Necto started off as its own attempt at an internet service provider, but Huang and Montgomery found that trying to get wholesale fiber was a high barrier to entry. The pair started looking into wholesale wireless, and Huang said that technology is getting to the point where it’s just as fast as typical broadband and an option for resale. The challenge then is getting the equipment into the hands of individuals that want to ramp up their own ISP and showing them how to get started. Then, they’re off to the races and work to build a business around that, including customer service and other facets of it.

Necto essentially charges for the guidance of how to start an ISP, including a class that individuals go through in order to get one off the ground. Then the company continues to ship software to ensure that it’s not as difficult to keep the equipment up and running, as well as provide ongoing support for those individuals.

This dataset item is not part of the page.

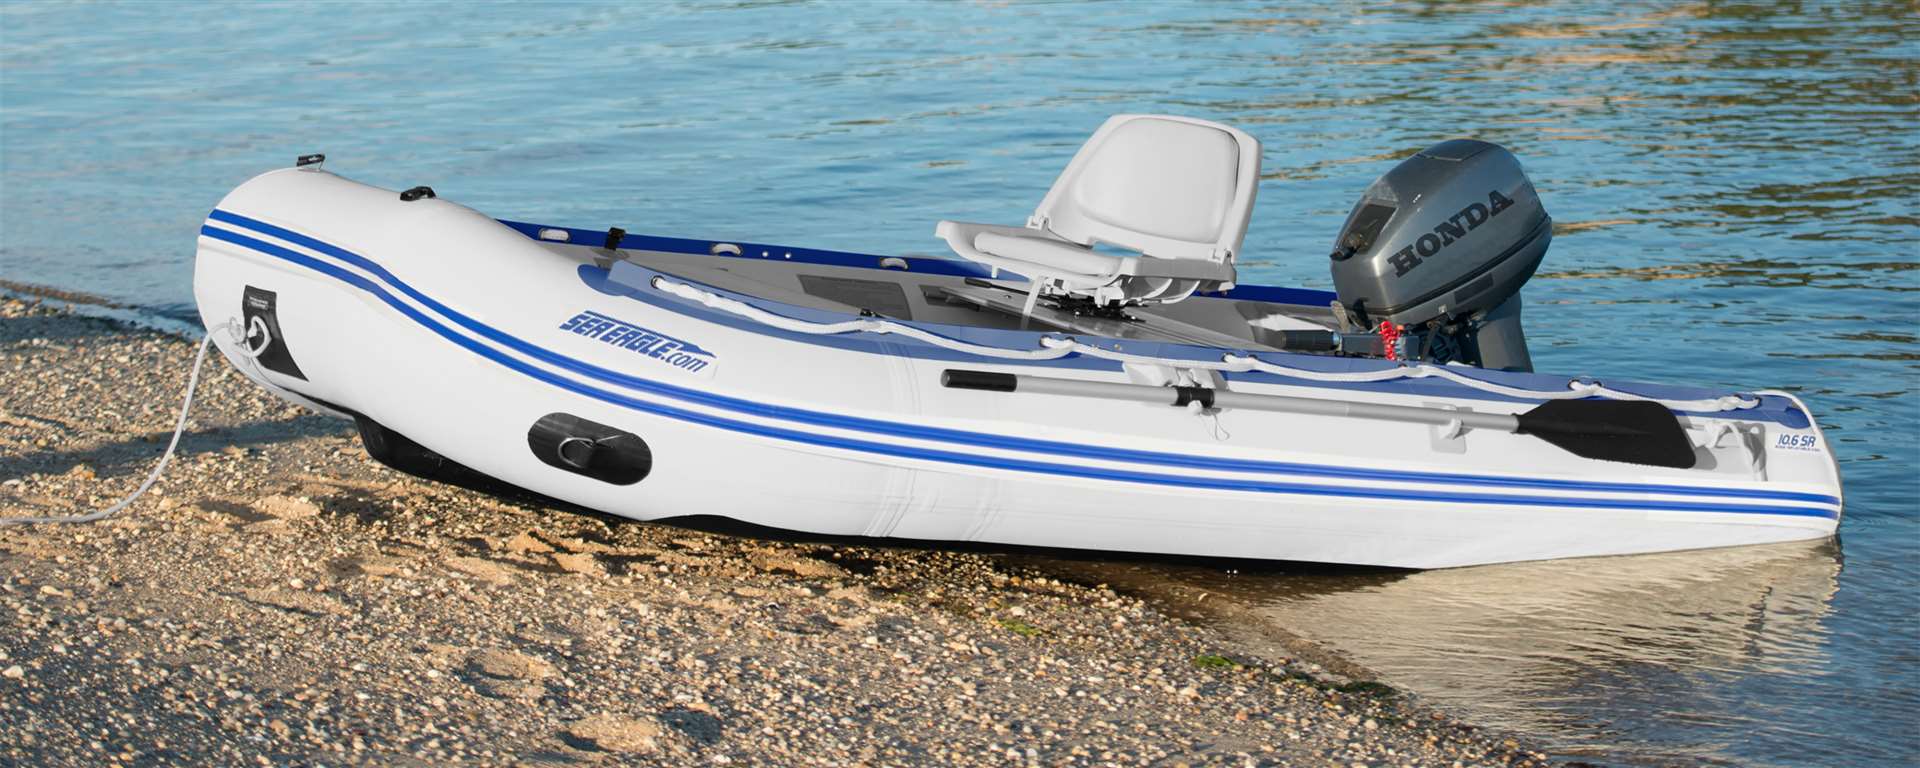 SeaEagle Transom Boat Packages Sea Eagle - 106SR 5 Person 10'6" White/Blue Sport Runabout Inflatable DSFloor Deluxe Boat ( 106SRXX )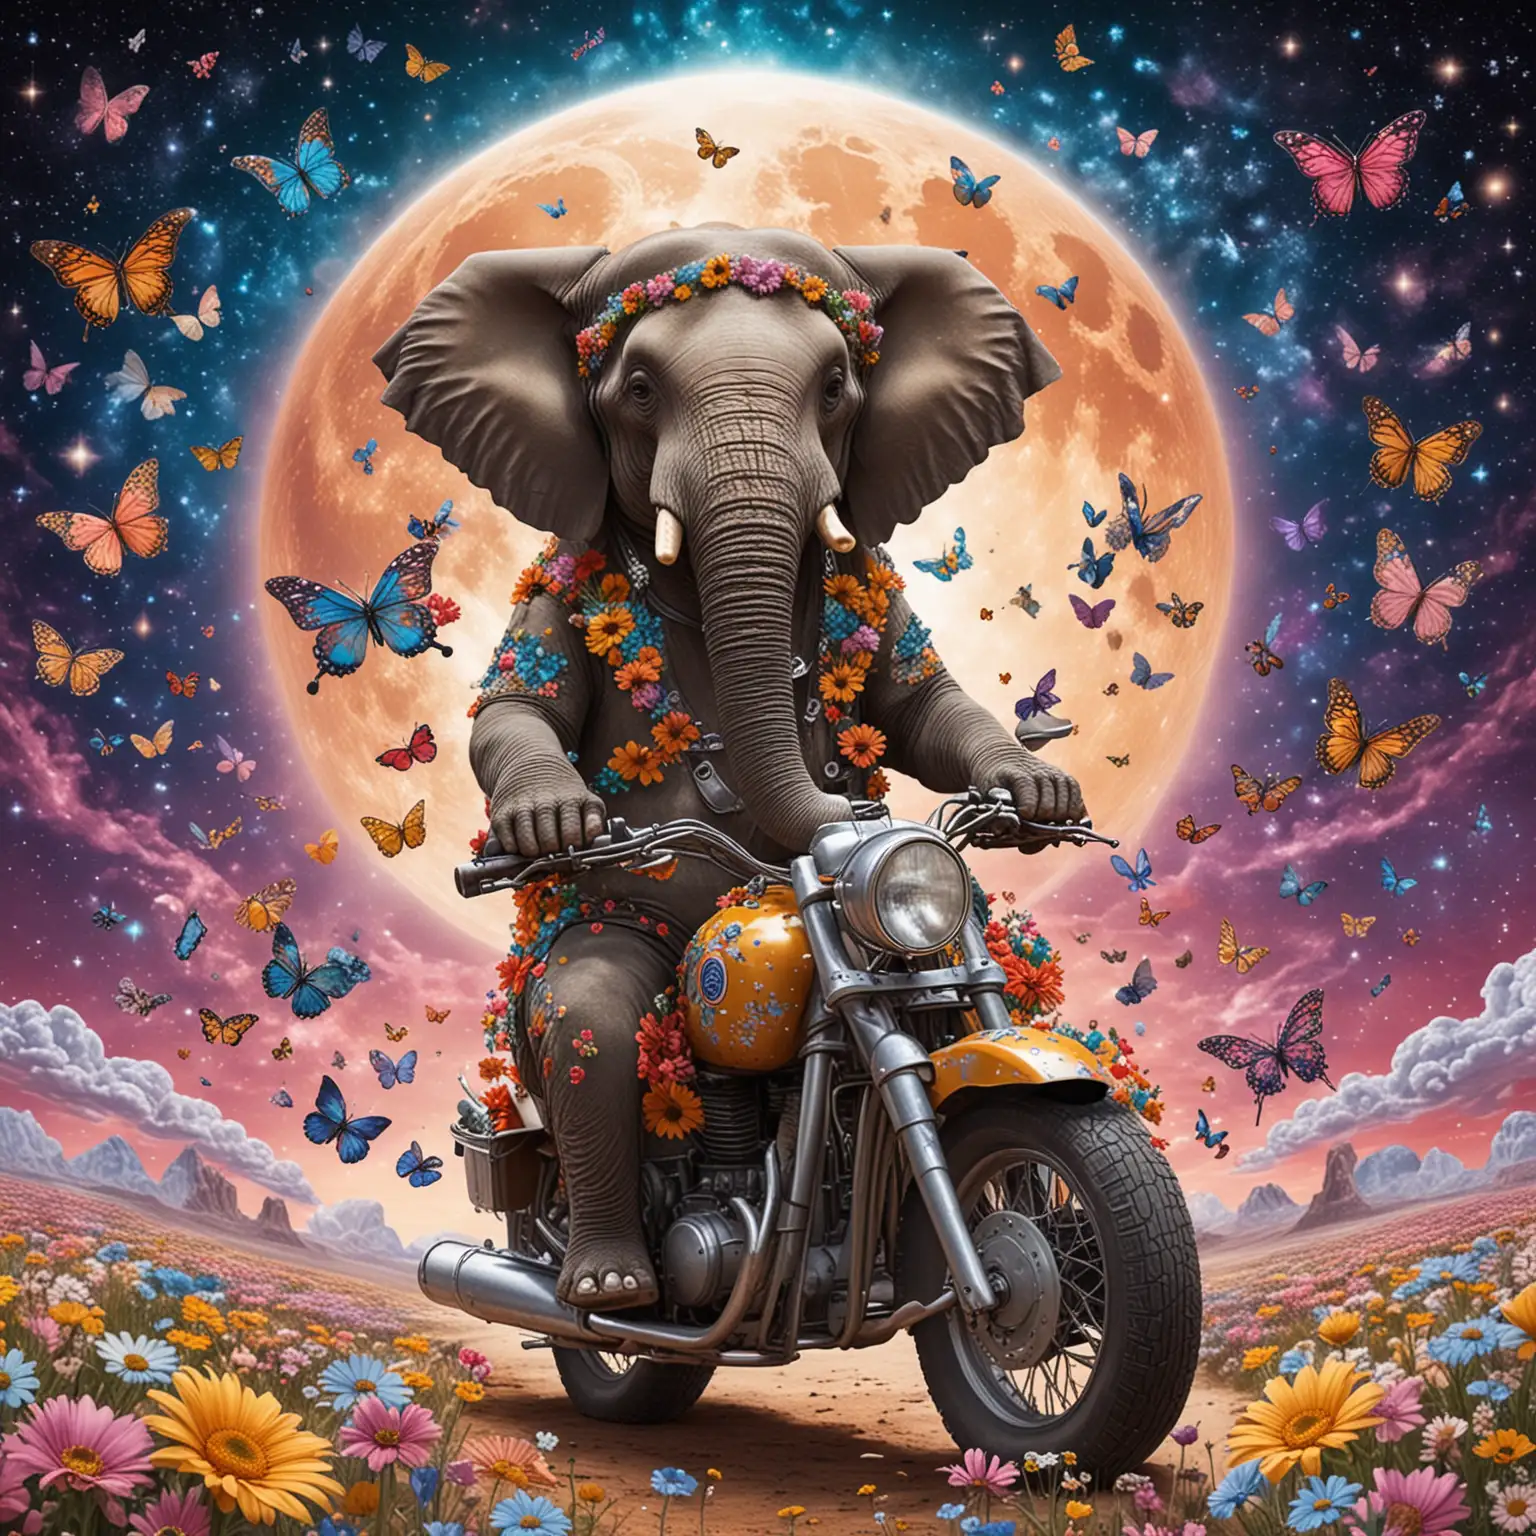 elephant wearing sunglasses riding a motorbike on the moon covered in flowers and butterflies and with the galaxy behind

The equipment is all off the shelf, Huang said, in order to lower the barrier to entry for these providers.

The challenge here, however, will be ensuring that not only individuals know they can get an ISP off the ground, but getting their — and consumers’ — attention in the first place. Necto hopes to take a hyper-local strategy, Montgomery said, like traveling to farmers’ markets and working with local operators to ensure they can track down the right people that are looking to build a business around ISPs. There are still going to be plenty of challenges as it continues to work with wholesale wireless providers in order to get these businesses off the ground.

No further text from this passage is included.